Please find the below environment details
odacli describe-system
Appliance Information
----------------------------------------------------------------
ID: ***********************
Platform: X8-2-HA
Data Disk Count: 48
CPU Core Count: 4
Created: November 21, 2022 6:03:28 PM MST
System Information
----------------------------------------------------------------
Name: ***************
Domain Name: **************
Time Zone: America/Phoenix
DB Edition: EE
DNS Servers: **************
NTP Servers: ***************
Disk Group Information
----------------------------------------------------------------
DG Name Redundancy Percentage
------------------------- ------------------------- ------------
DATA NORMAL 90
RECO NORMAL 10
CRS-4638: Oracle High Availability Services is online
CRS-4535: Cannot communicate with Cluster Ready Services
CRS-4529: Cluster Synchronization Services is online
CRS-4533: Event Manager is online
We tried to stop and start cluster like below
crsctl stop cluster -all
crsctl start cluster -all
When we check crs resource status we found that asm was down.
Issue still persisists and we started digging the the asm alert log and found below error
ORA-15032: not all alterations performed
ORA-15017: diskgroup "DATA" cannot be mounted
Searching in metalink we found below document
ODA: ASM Instance Crashes with ORA-07445 [KFDP_ISPSTDSKIDEAL] When Remote ASM Instance is Shutdown (Doc ID 2959654.1
This document says that there is one asm metadata file callled asmappl.config which stores partner status table. If there is a mismatch between nodes asm instance will not come up.
Upon investigation we found that /opt/oracle/extapi/asmappl.config file has missing disk information in both the nodes.
Snippet of that file looks like this
cat /opt/oracle/extapi/asmappl.config
attr appliance_name ODA
attr diskstring AFD:*
attr file_version 2
attr oda_version 3
attr jbod_count 1
attr jbod_slot_count 24
attr data_slot_count 24
attr reco_slot_count 24
attr redo_slot_count 24
attr max_missing 0
attr min_partners 2
attr agent_sql_identifier "/*+ _OAK_AsmCookie "
attr rdbms_compatibility 12.1.0.2
attr asm_compatibility 12.2.0.1
attr _asm_hbeatiowait 100
disk AFD:SSD_E0_S00_1908716880P1 0 00 1 DATA
disk AFD:SSD_E0_S00_1908716880P2 0 00 2 RECO
disk AFD:SSD_E0_S01_1908717424P1 0 01 1 DATA
disk AFD:SSD_E0_S01_1908717424P2 0 01 2 RECO
disk AFD:SSD_E0_S02_1908700272P1 0 02 1 DATA
We created SR and suppoprt engineer gave us correct asmappl.config file.We have corrected in both the node and clusterware was restarted in both the node successfully.

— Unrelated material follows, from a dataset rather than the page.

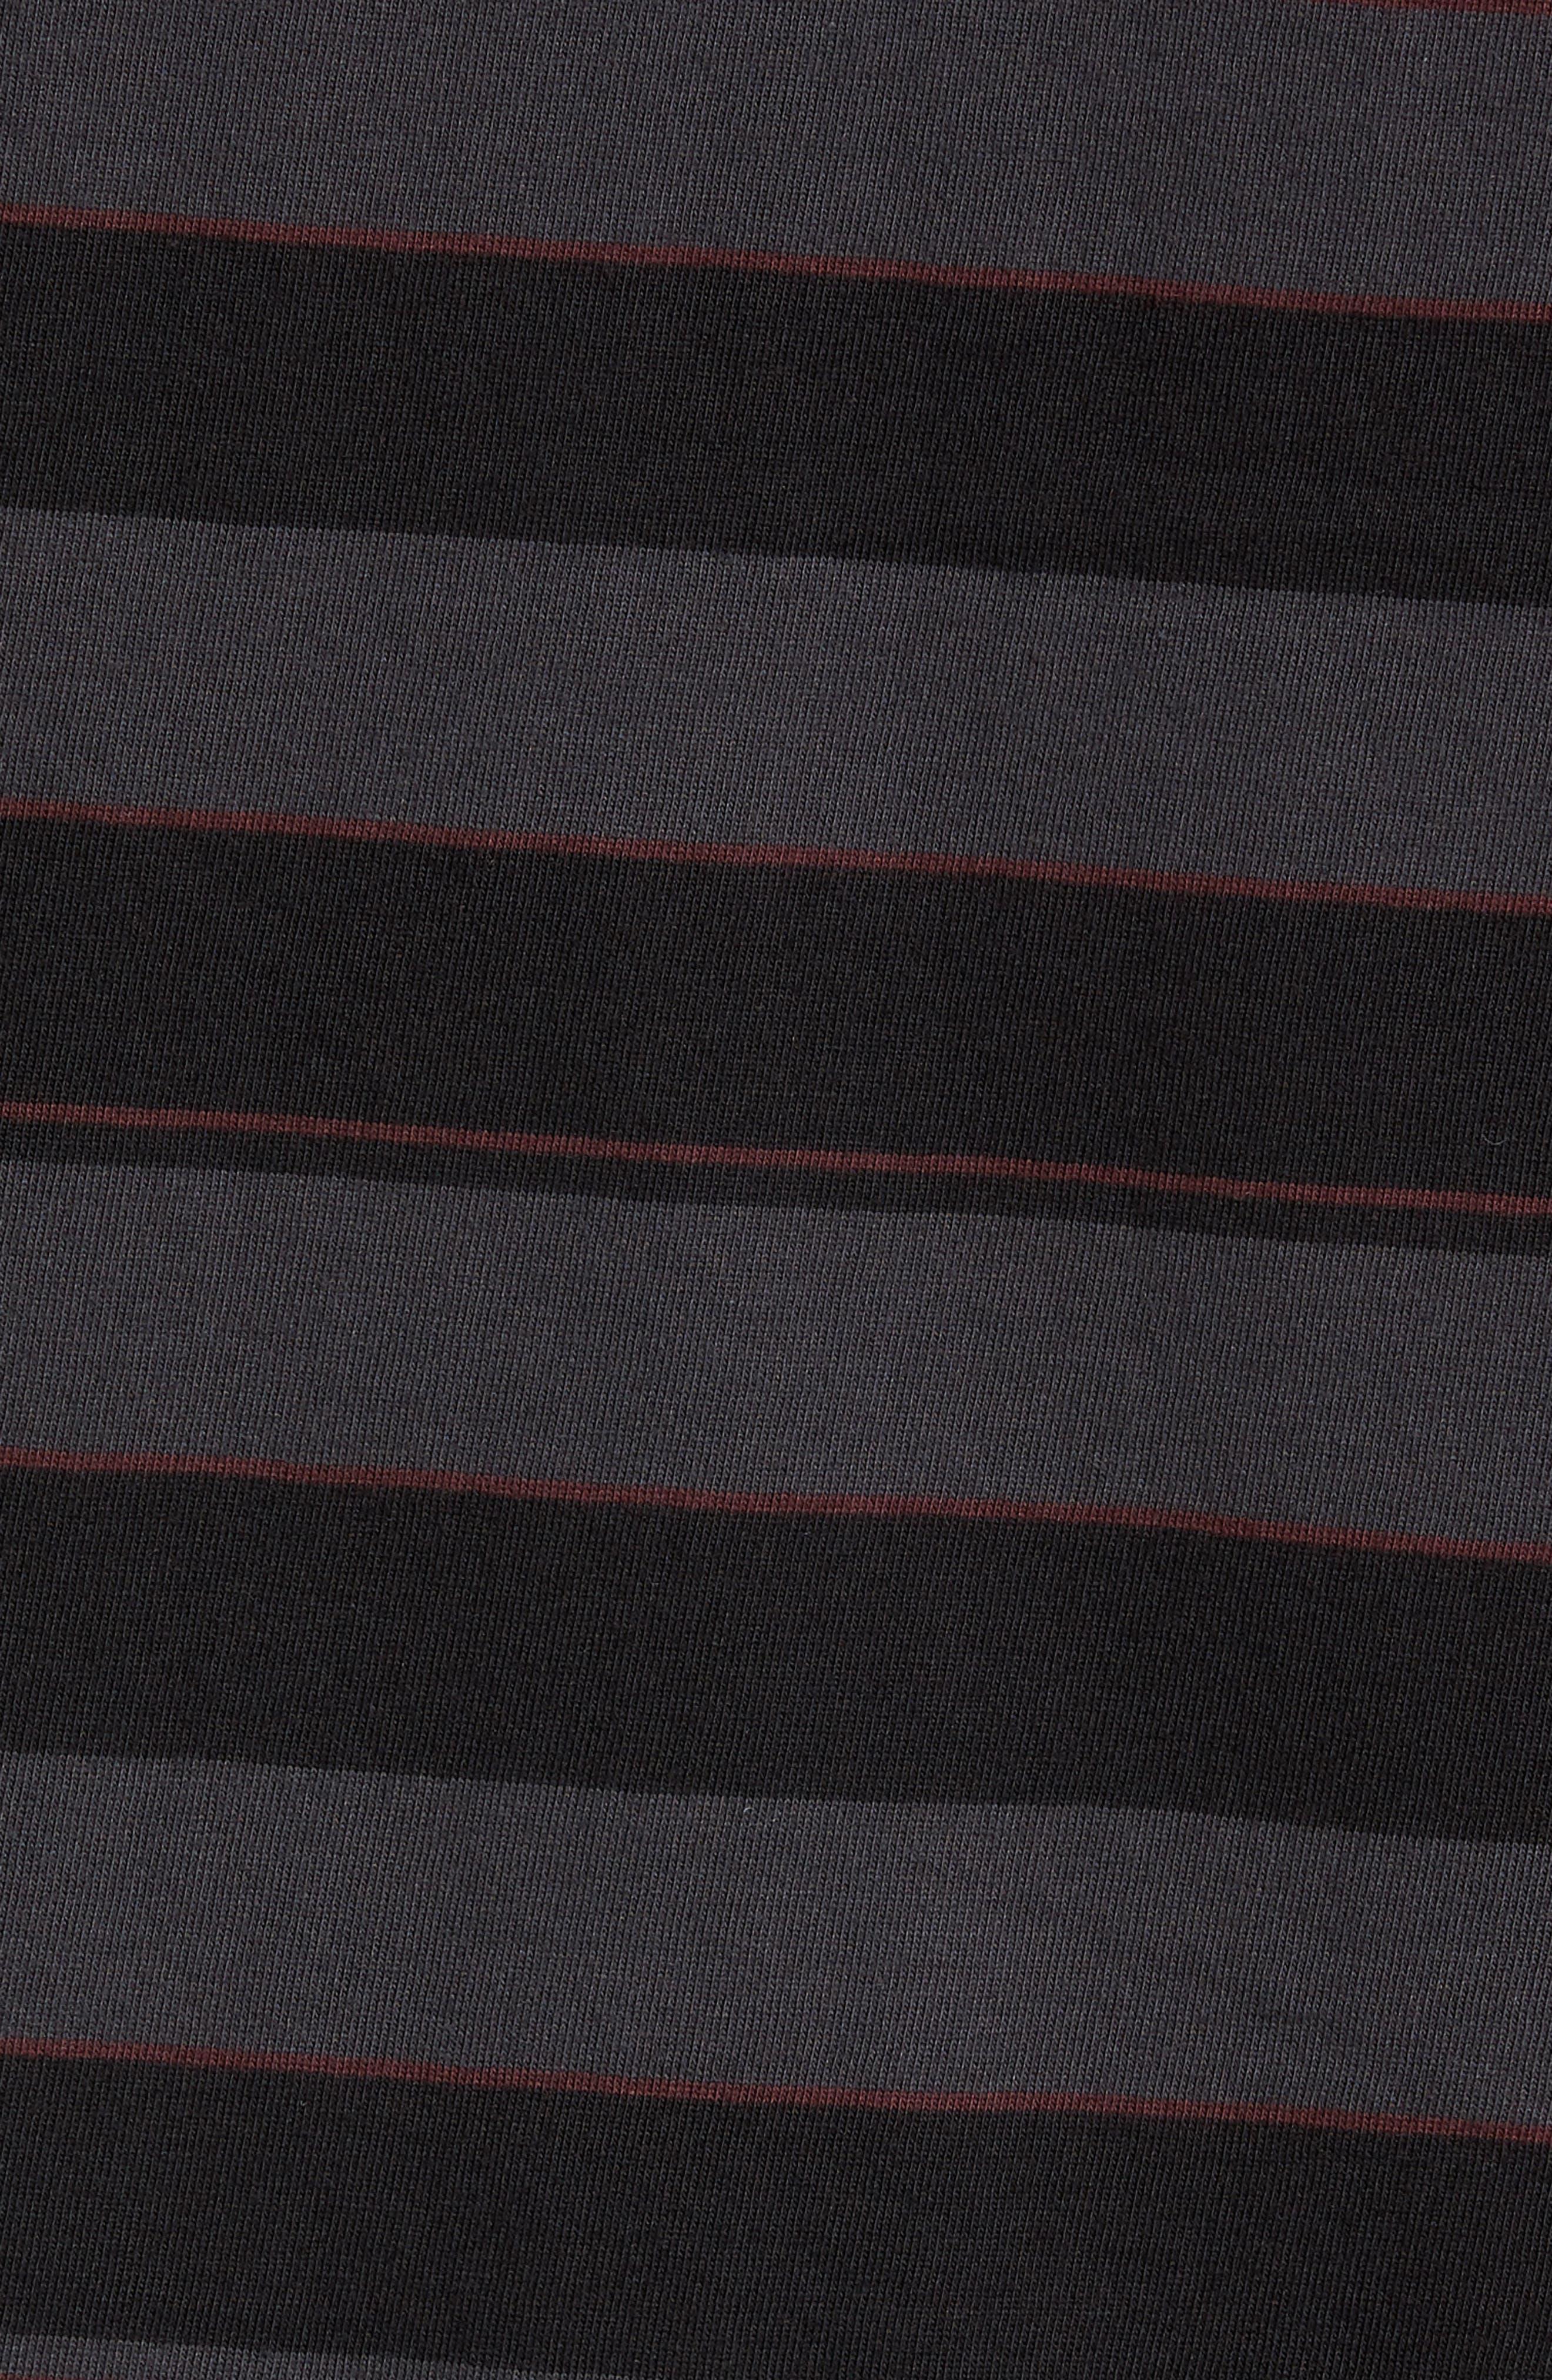 Hoop Box Long Sleeve T-Shirt,                             Alternate thumbnail 5, color,                             VINTAGE BLACK/ BLACK

Now you have understood how important is the file asmappl.config and thought process comes how to restore from good backup.For this you can schedule a job in crontab file and take a backup of asmappl,config file.
I will recommend to take snap using odabr utility.Basically below command will create a new LV named root_snap,u01_snap and opt_snap and give you more wider option of taking backup.
command is /opt/opt/odabr backup -snap
Now use lvdisplay command and you can see newly created LV with the name root_snap,u01_snap and opt_snap.Next question comes in mind how will you restore from that logical volumes since it is not presented as a file.
Very simple you create a directory under /root like mkdir -p /u02
Then mount the device path of that LV like below
mount /dev/mapper/VolGroupSys-opt_snap /u02
Then go inside the directory /u02/oracle/extapi and you can see asmappl.config file and can easily restore it after comparing.
Hope you have learnt something very useful...
\T